Maire-info
Le quotidien d’information des élus locaux
Édition du mardi 10 octobre 2023
Grand âge

Personnes âgées : 60 % des établissements et services à domicile en difficultés financières

L'Association des directeurs au service des personnes âgées (AD-PA) tape du poing sur la table en désignant les départements « où il ne fait pas bon vieillir », et dénonce la hausse insuffisante du budget versé par certains départements. 

Par Emmanuelle Stroesser

L'association épingle sept départements (1) n'ayant revalorisé le budget versé aux établissements et services à domicile que de 1 à 3 %. Loin du minima estimé nécessaire de + 6 %, soit le taux de l'inflation.

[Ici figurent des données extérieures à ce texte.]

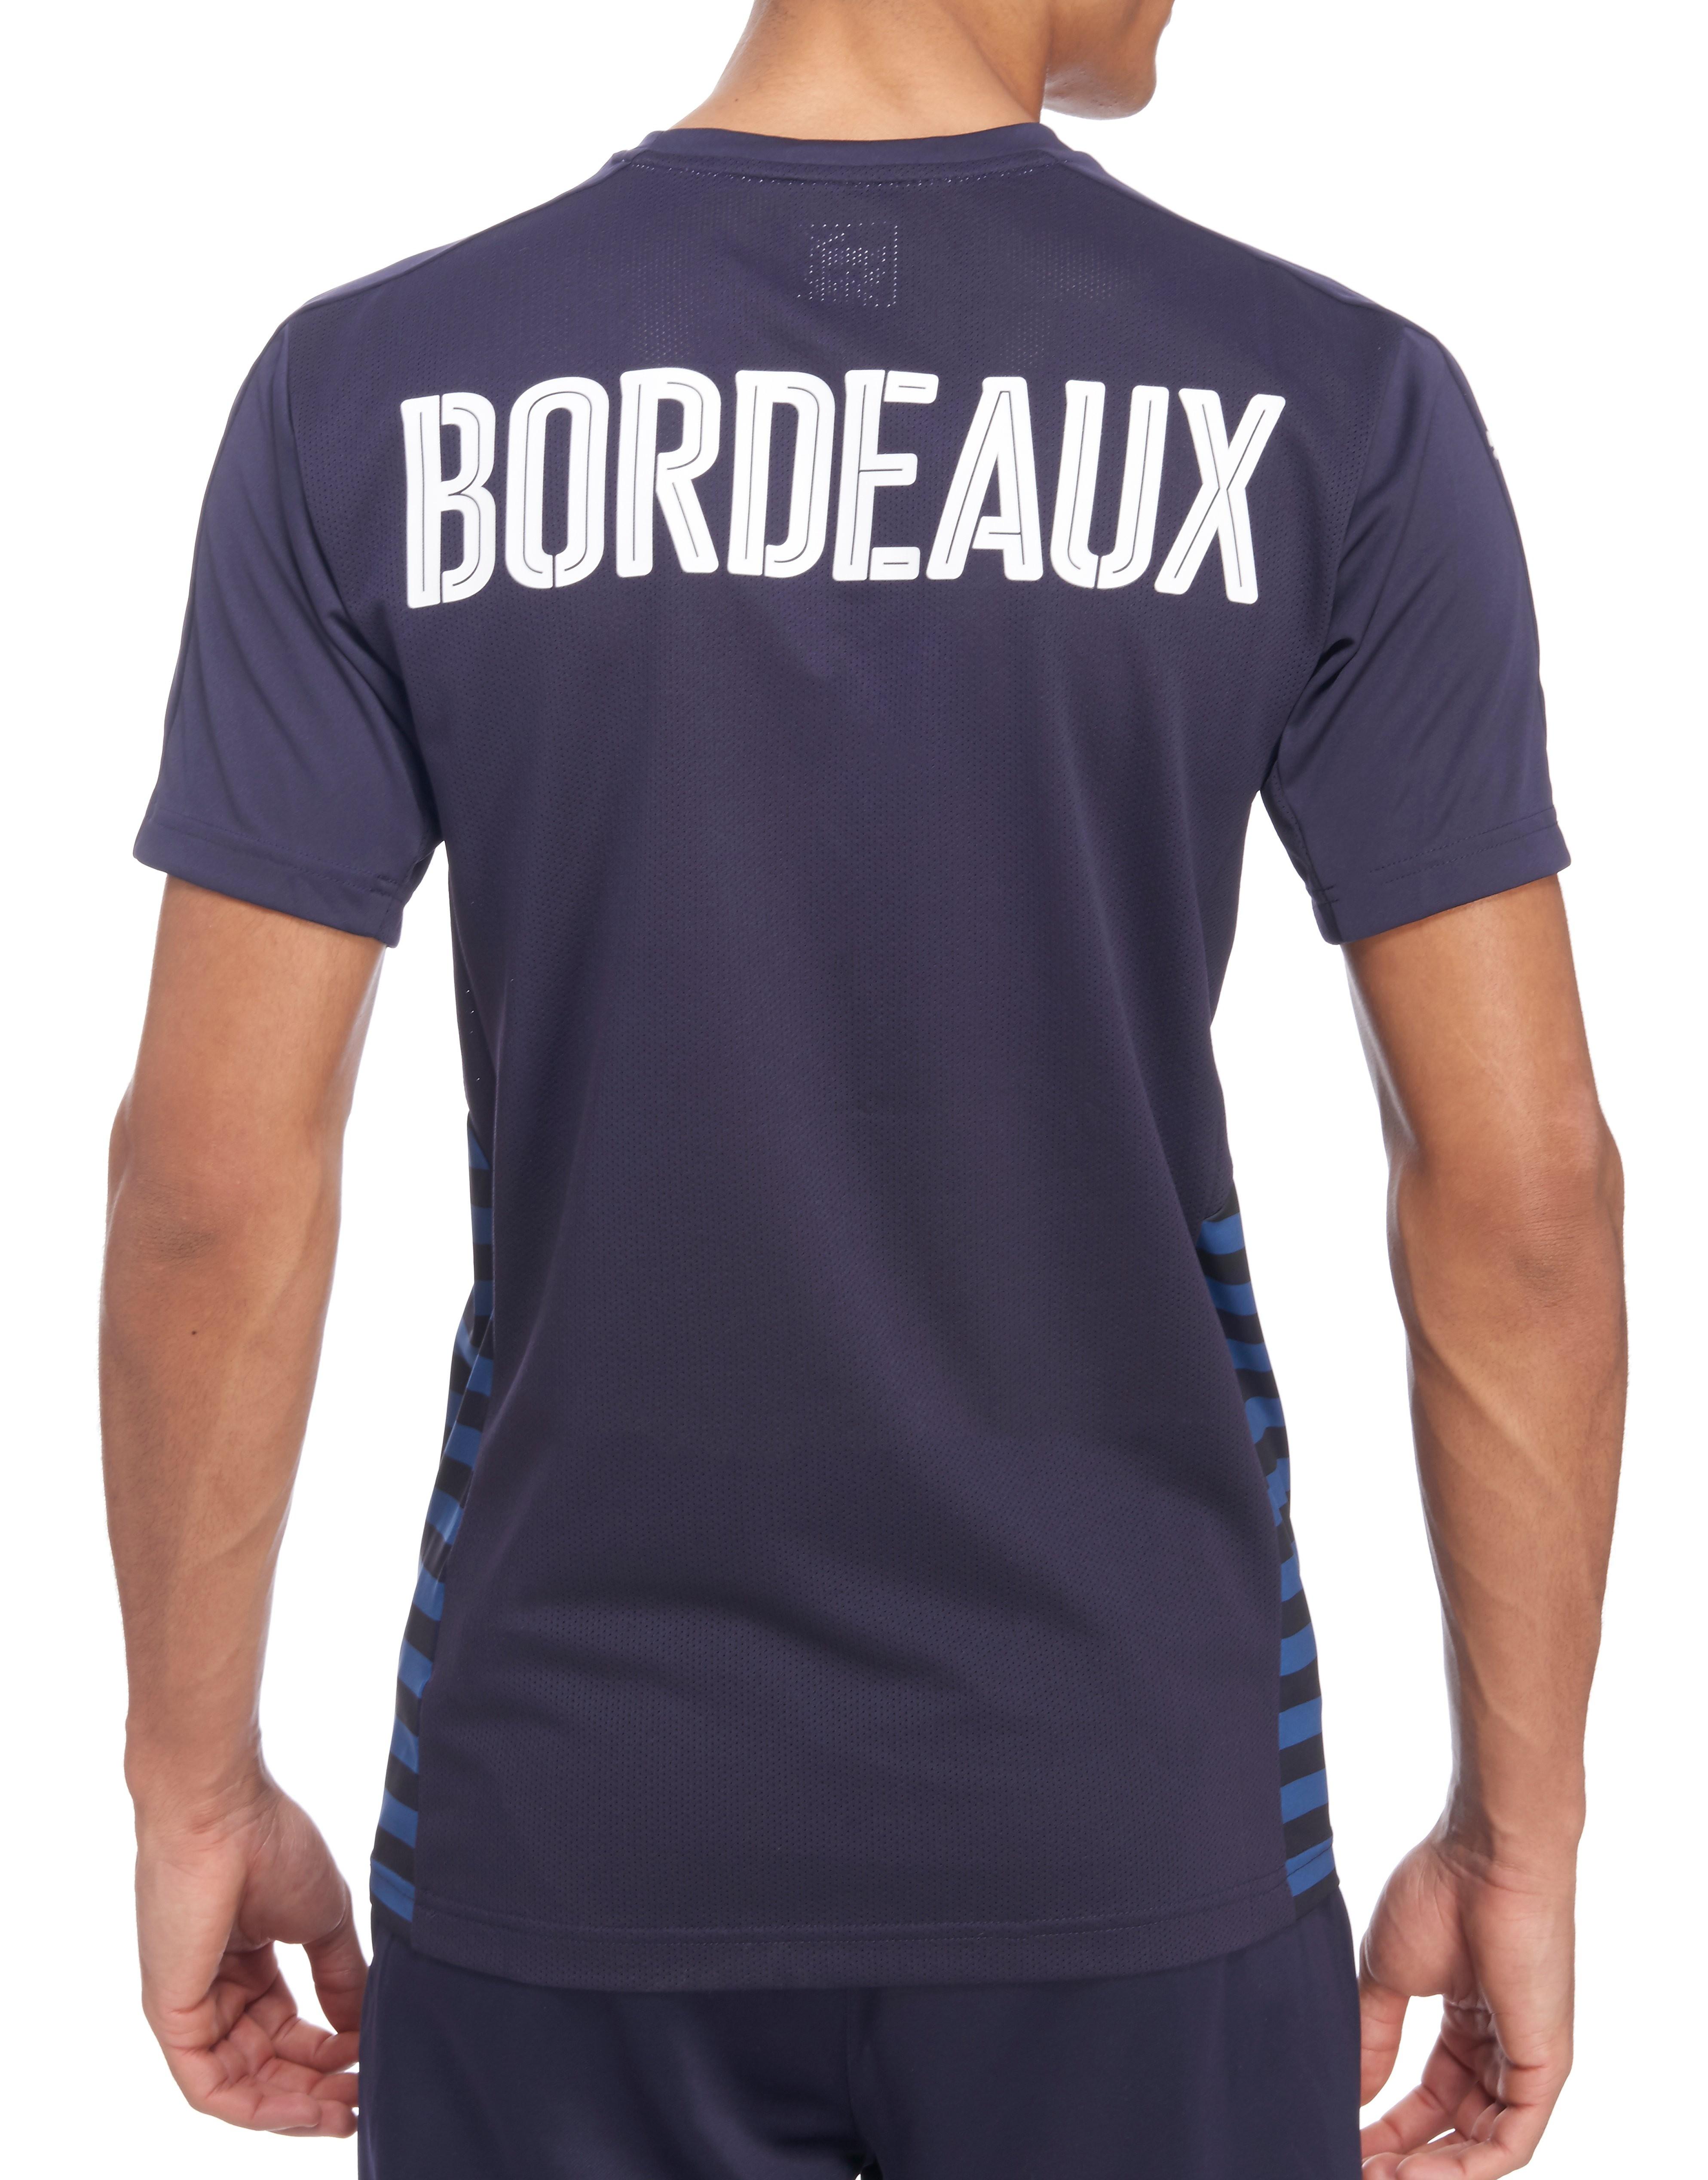 PUMA Bordeaux 2016/17 Stadium Jersey

À l'inverse, elle donne un satisfecit à sept autres conseils départementaux, expressément cités comme « responsables », pour avoir appliqué une hausse de 5 à 6 %. La hausse pour certains n'est que de 5 %, mais l'association salue le fait que dans ces deux cas (dans les Pyrénées-Orientales ou la métropole de Lyon), les élus aient pris une seconde délibération, pour revenir sur leur première décision et relever de 2 à 5 % la revalorisation de leur financement, suite à un échange avec les professionnels.

Du déni à la maltraitance

« Quand on augmente un budget de 1 %, on condamne une structure à baisser son budget de 5 %. C'est mathématique », explique Pascal Champvert, le président de l'AD-PA. Ce qui implique de réduire les dépenses, et donc les prestations, d'alimentation, ou de personnel. « Fort heureusement, à notre demande et celle d'autres organisations professionnelles, les directeurs de ces structures ont massivement refusé de couper dans leurs budgets et de compter les biscottes comme chez Orpéa », assure Pascal Champvert. Avec pour autre conséquence, également mathématique, que leurs déficits se creusent. Or certaines structures étaient déjà « à l'os ». 

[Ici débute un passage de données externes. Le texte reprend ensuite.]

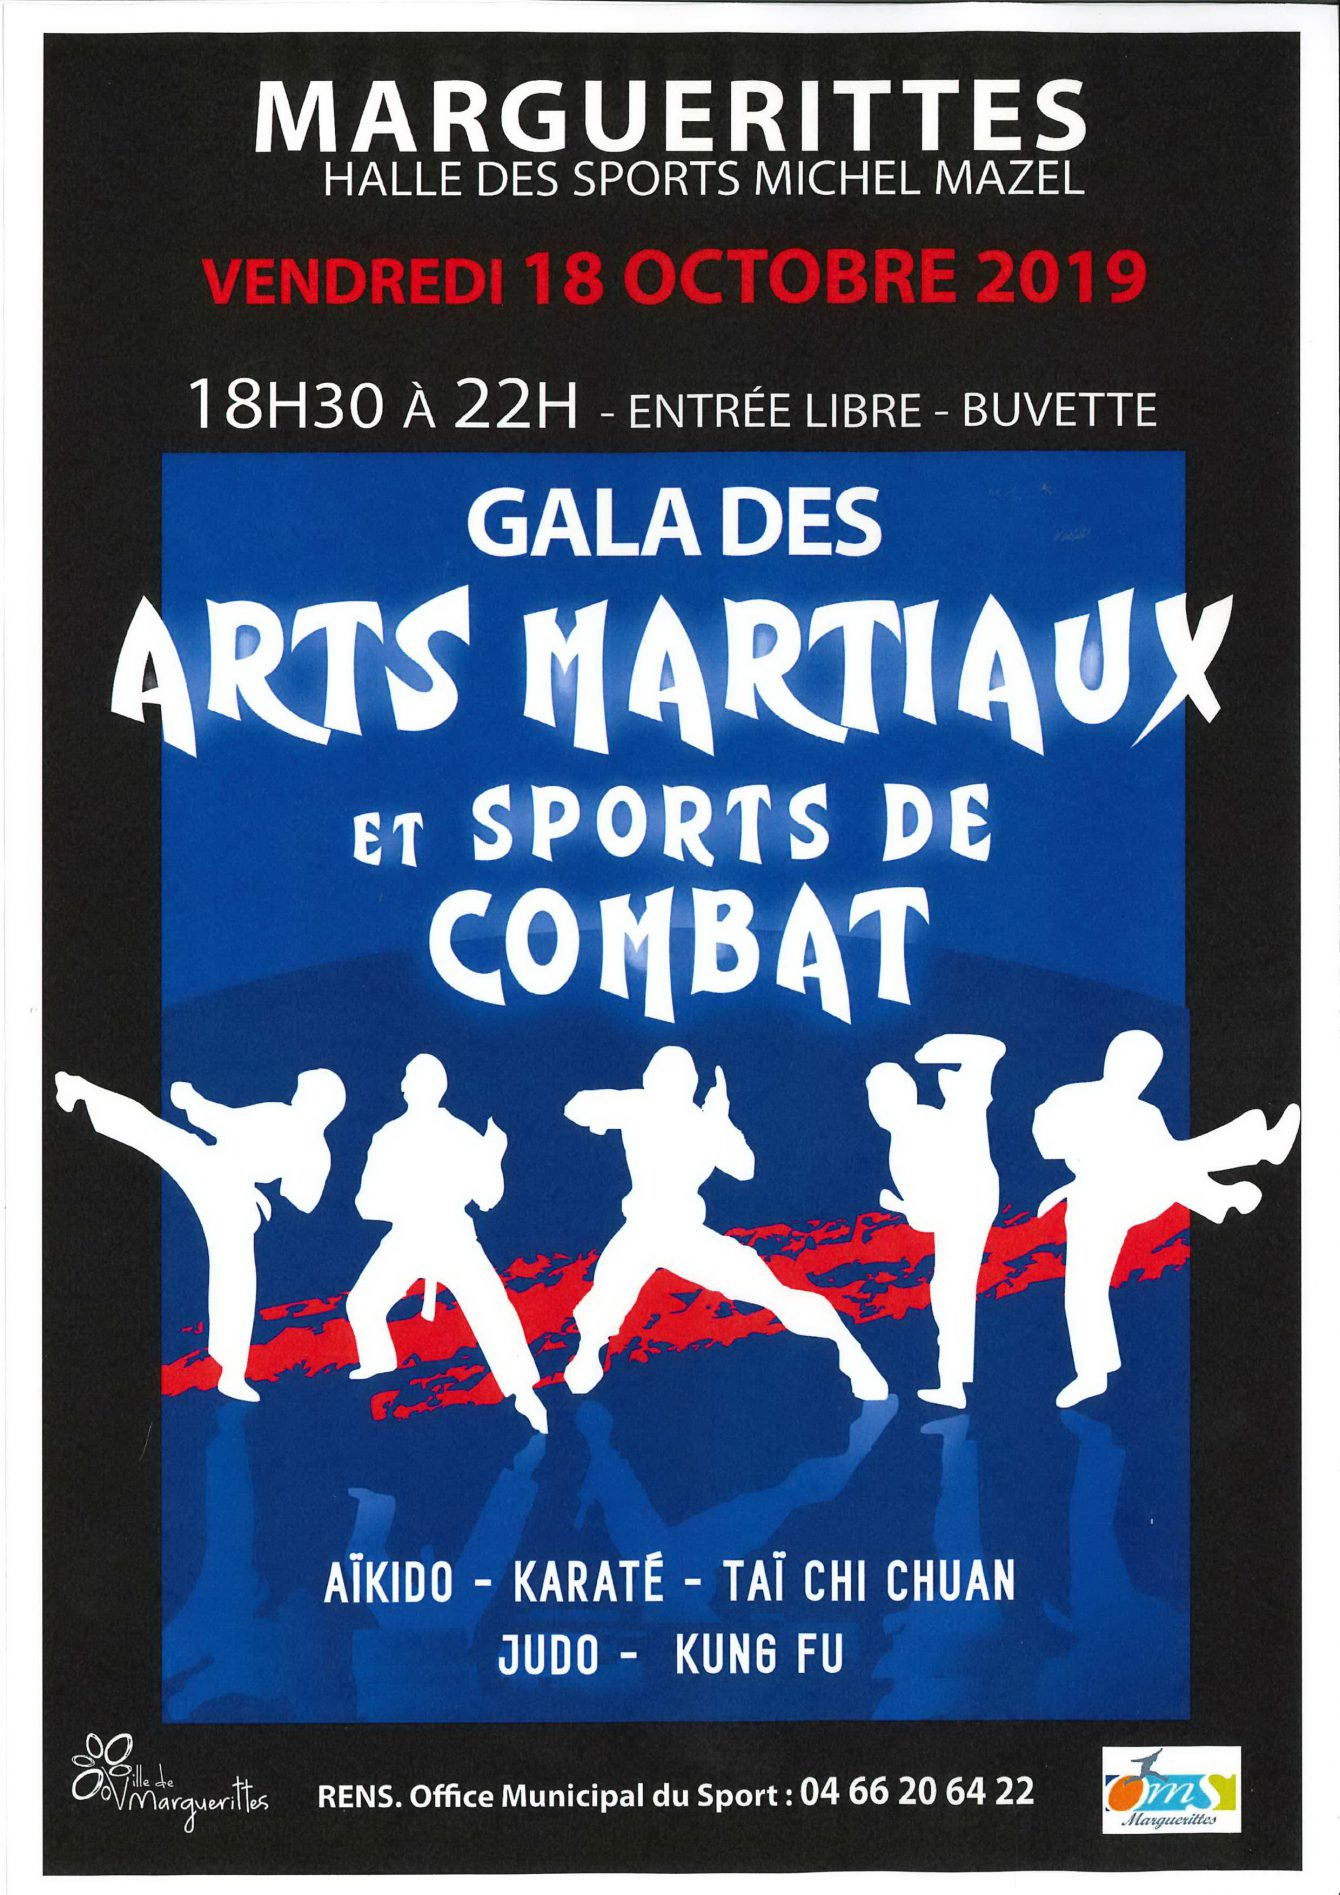 Gala des Arts Martiaux

À raison d'un prix plancher de 23 euros (le socle que le conseil départemental est censé financer pour l'APA), comment s'en sortir quand le « bon »  tarif serait entre 31 à 33 euros, interpellent les professionnels ? 

Outre les difficultés budgétaires, le secteur souffre d'un taux de maladie professionnelle et d'accidents du travail « le plus élevé », « du double de celui du BTP »  rappelle l'AD-PA.  

Le manque de rattrapage des coûts de l'inflation ne fait qu'alimenter le cercle vicieux, selon l'association, d'une dégradation des conditions de travail et de services du secteur. Le problème est « profond et structurel ». Il n'est surtout pas nouveau. 

Dans le cadre du projet de loi de financement de la Sécurité sociale 2024 (PLFSS), le gouvernement propose de « faire évoluer »  le mode de financement des Ehpad, « à partir de 2025 » , pour « les départements volontaires », selon une formule encore assez floue et complexe, comme souvent en terme de tarification... Les professionnels attendent eux, toujours, une « grande prestation autonomie basée sur la solidarité nationale », seule à même de « développer l’emploi dans le secteur et de mieux accompagner et mieux solvabiliser les personnes âgées et leurs familles ».  

Fin juillet, la Première ministre a annoncé 100 millions d'euros en faveur des Ehpad et services à domicile en difficulté, à la suite de la parution du rapport Pires Beaune (2). Des commissions départementales exceptionnelles, pilotées par les ARS, vont être installées pour examiner ces situations. À la demande de l’AMF, la ministre des Solidarités et des Familles a souhaité qu’un représentant de l’association départementale de maires soit systématiquement associé. Si l'AD-PA salue la « démarche » , elle ne se fait guère d'illusion sur la probabilité que cette « goutte d'eau »  suffise, rapportée au nombre d'établissements et services en difficulté, estimé à 60 %.  Elle s'inquiète surtout que les départements les plus vertueux n'en récupèrent aucune goutte… Il s’agit également d’une crainte exprimée par les maires ayant voté des subventions d’équilibre au profit de leur CCAS afin de compenser les difficultés financières de leurs Ehpad. Ceux-ci n’apparaitront plus comme étant en difficulté mais le restent. 

(1) Alpes-de-Haute-Provence, Hautes-Alpes, Moselle, Oise, Yvelines, Vienne, Hauts-de-Seine.
(2) du nom de la députée du Puy-de-Dôme, Christine Pires Beaune, auteur du rapport Garantir la prise en charge des personnes âgées en établissement.